(Beginning of Dataset section)
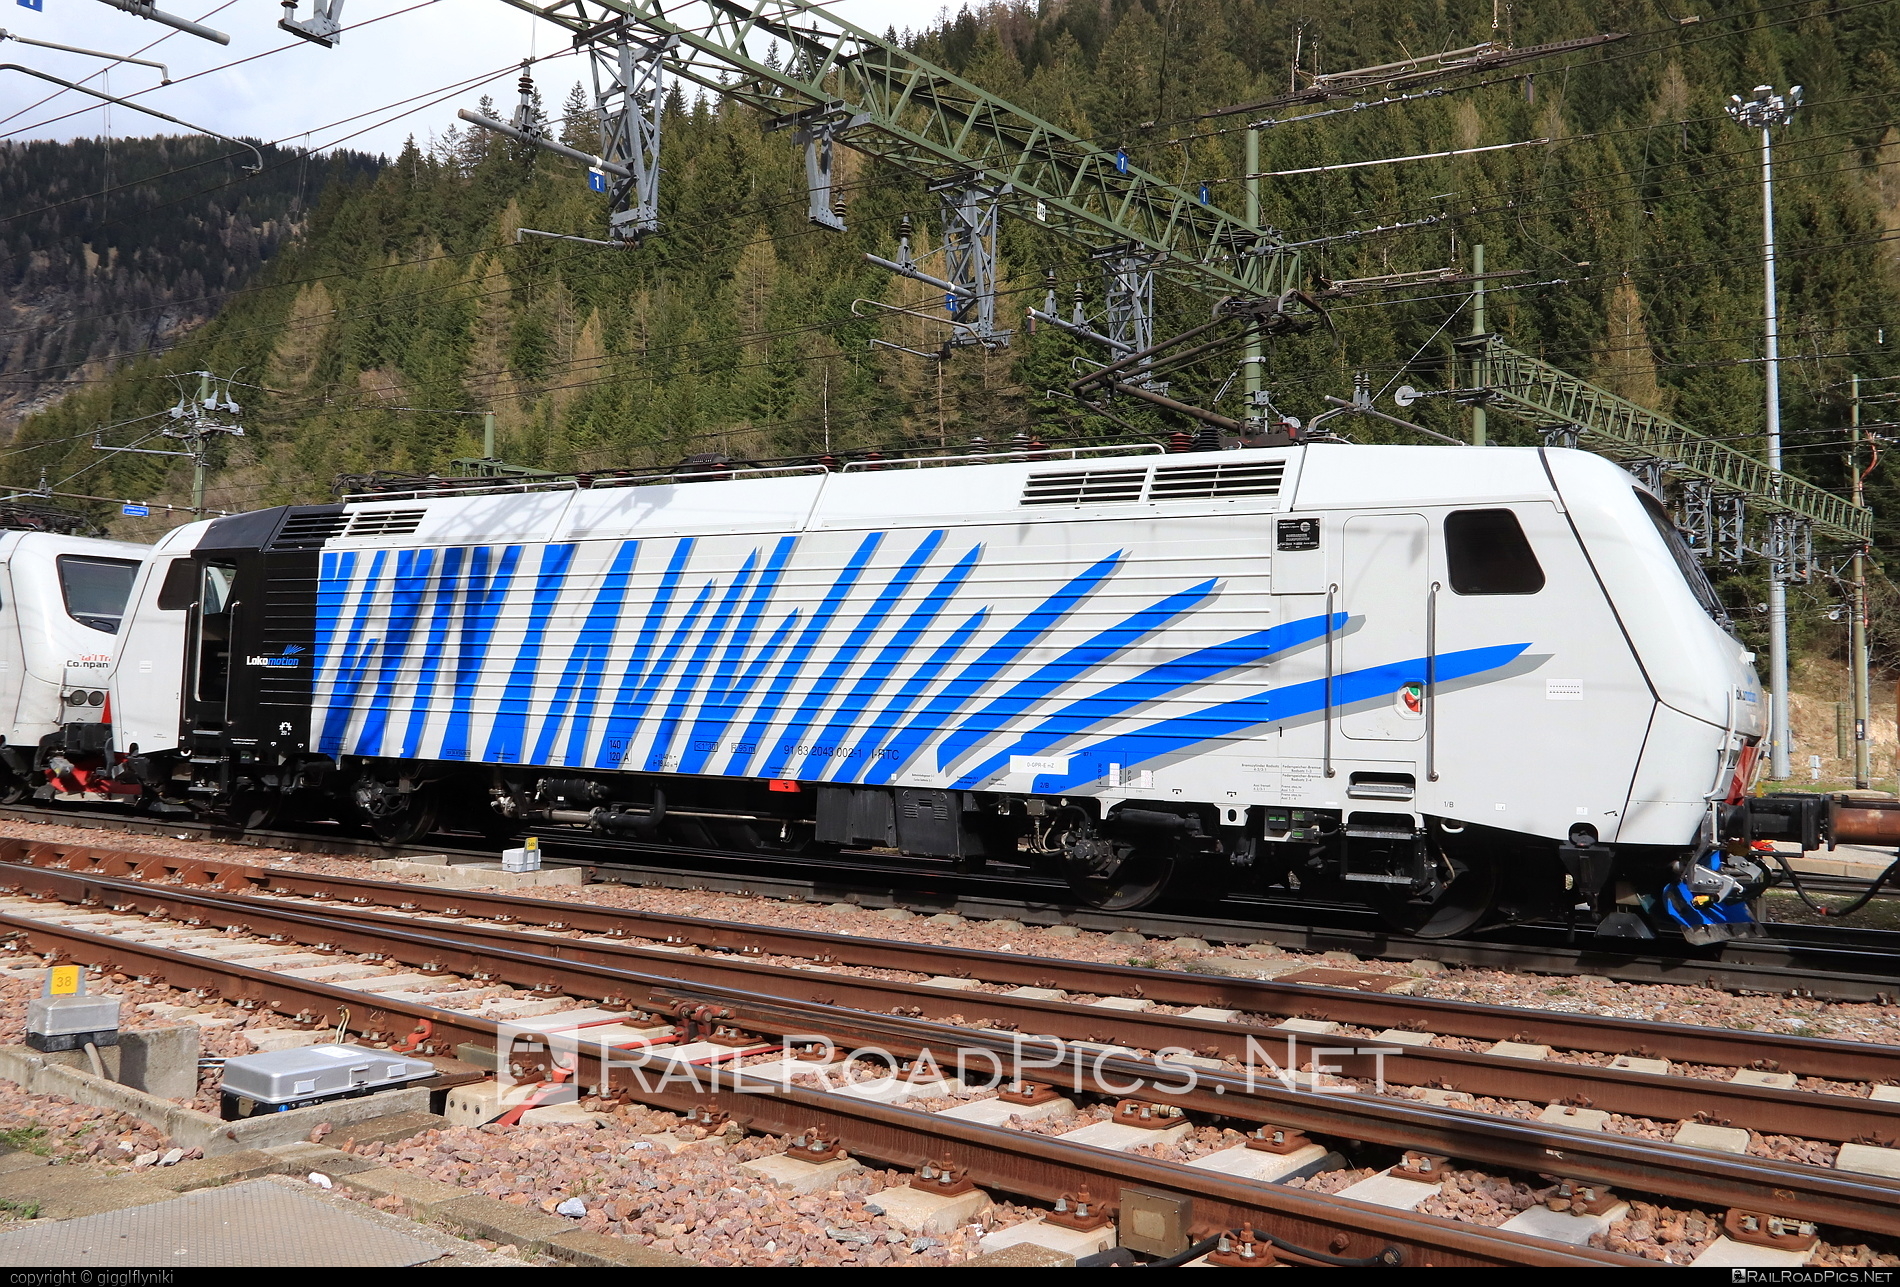 FS Class E.412 - EU43-002 operated by Lokomotion Gesellschaft für Schienentraktion mbH #LokomotionGesellschaftFurSchienentraktion #RailTractionCompany #e412 #fsClassE412 #lokomotion #rtc
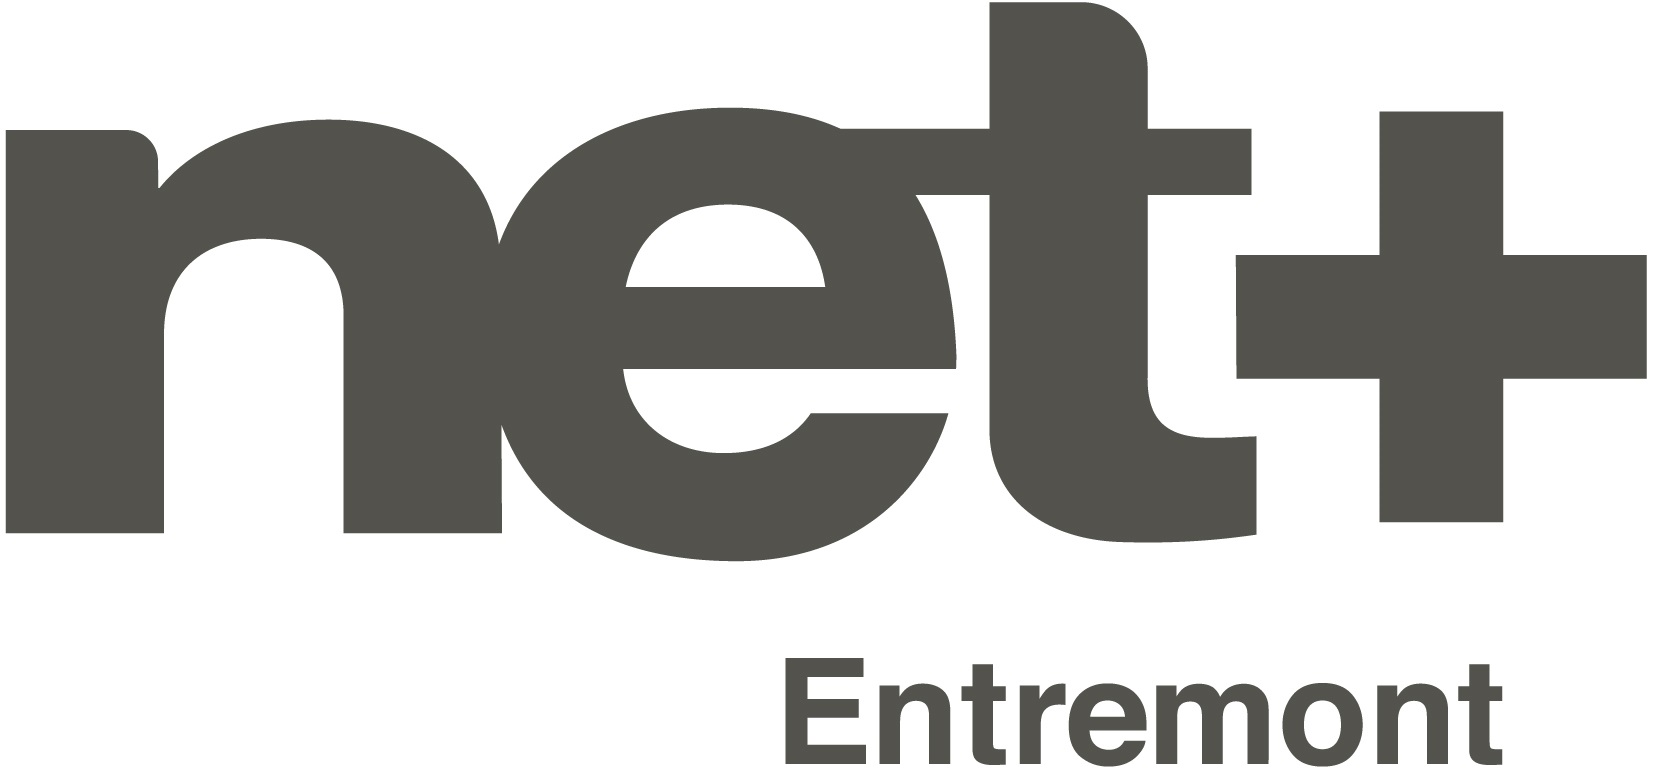 netPlus_entremont_logo
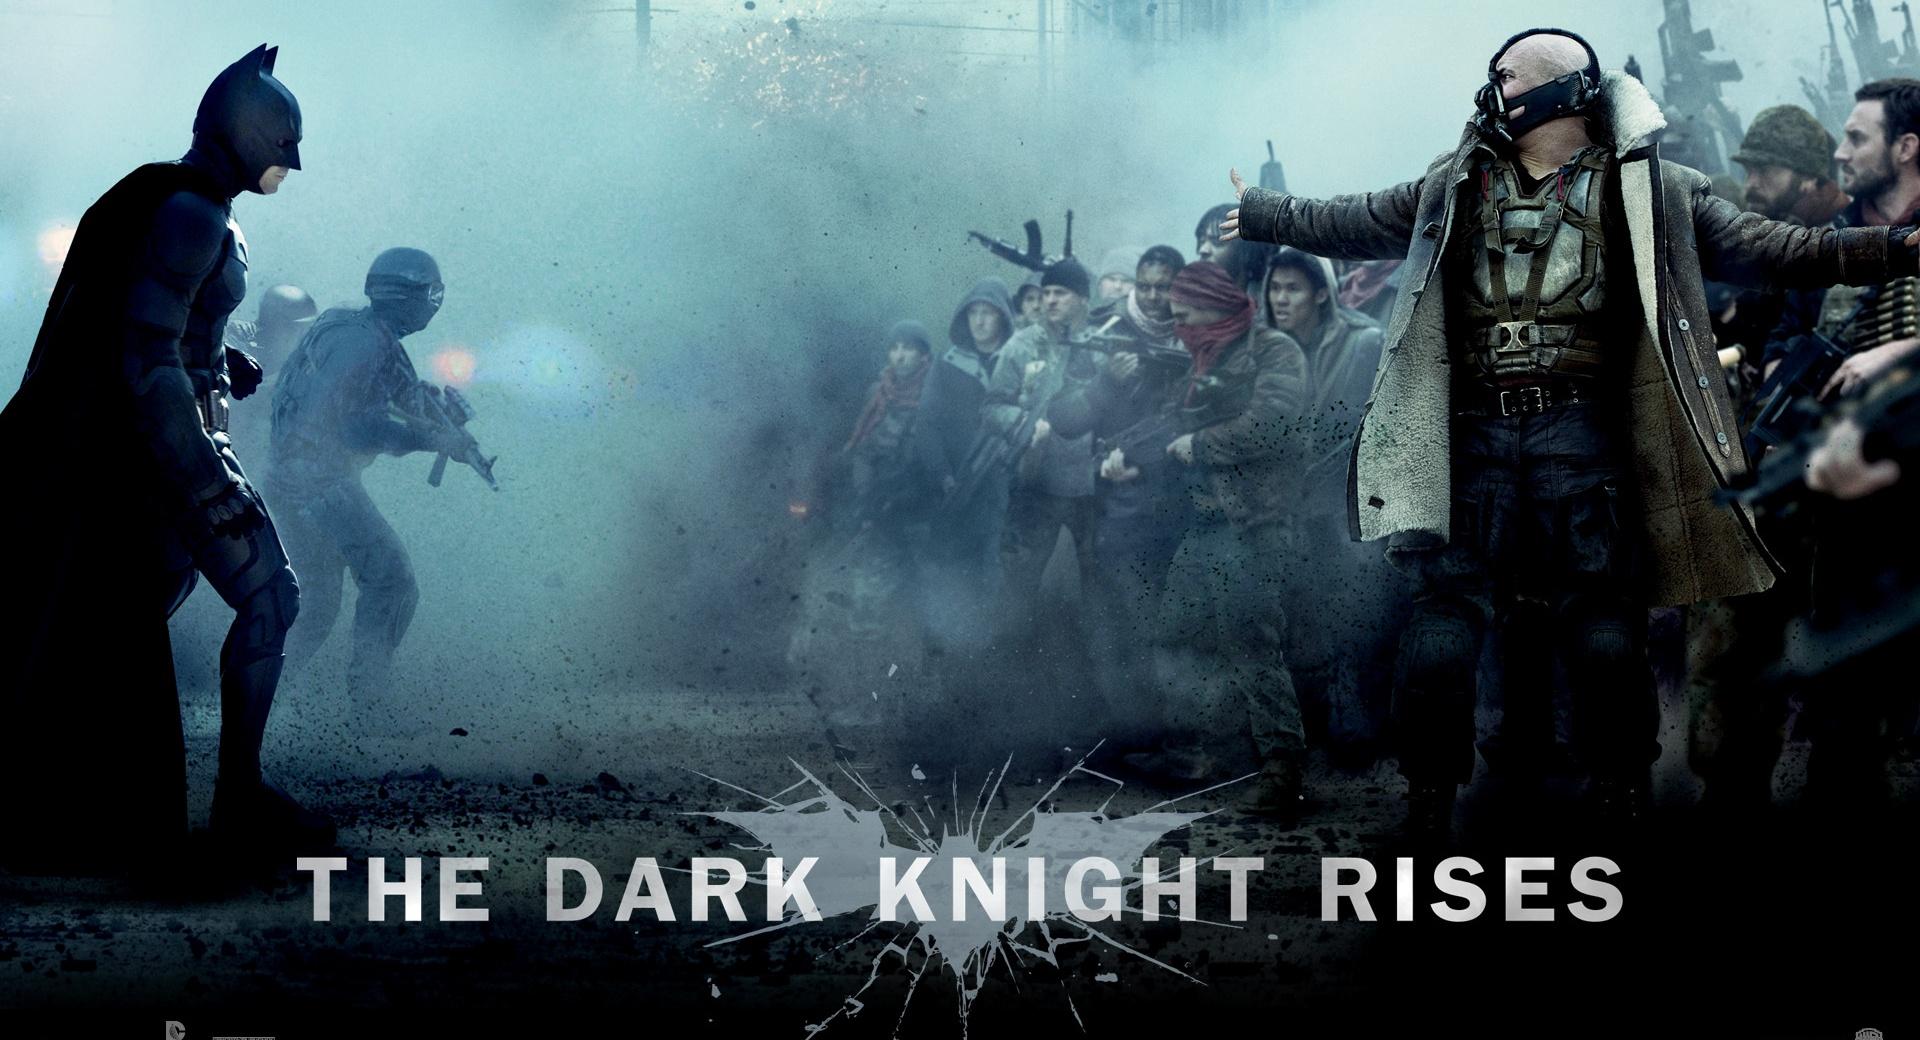 The Dark Knight Rises Bane Vs Batman at 2048 x 2048 iPad size wallpapers HD quality
(End of Dataset section)
### Task prompt
Restate all of the material above word for word, excluding the pictures.

### Solved problem
 FS Class E.412 - EU43-002 operated by Lokomotion Gesellschaft für Schienentraktion mbH #LokomotionGesellschaftFurSchienentraktion #RailTractionCompany #e412 #fsClassE412 #lokomotion #rtc
 netPlus_entremont_logo
 The Dark Knight Rises Bane Vs Batman at 2048 x 2048 iPad size wallpapers HD quality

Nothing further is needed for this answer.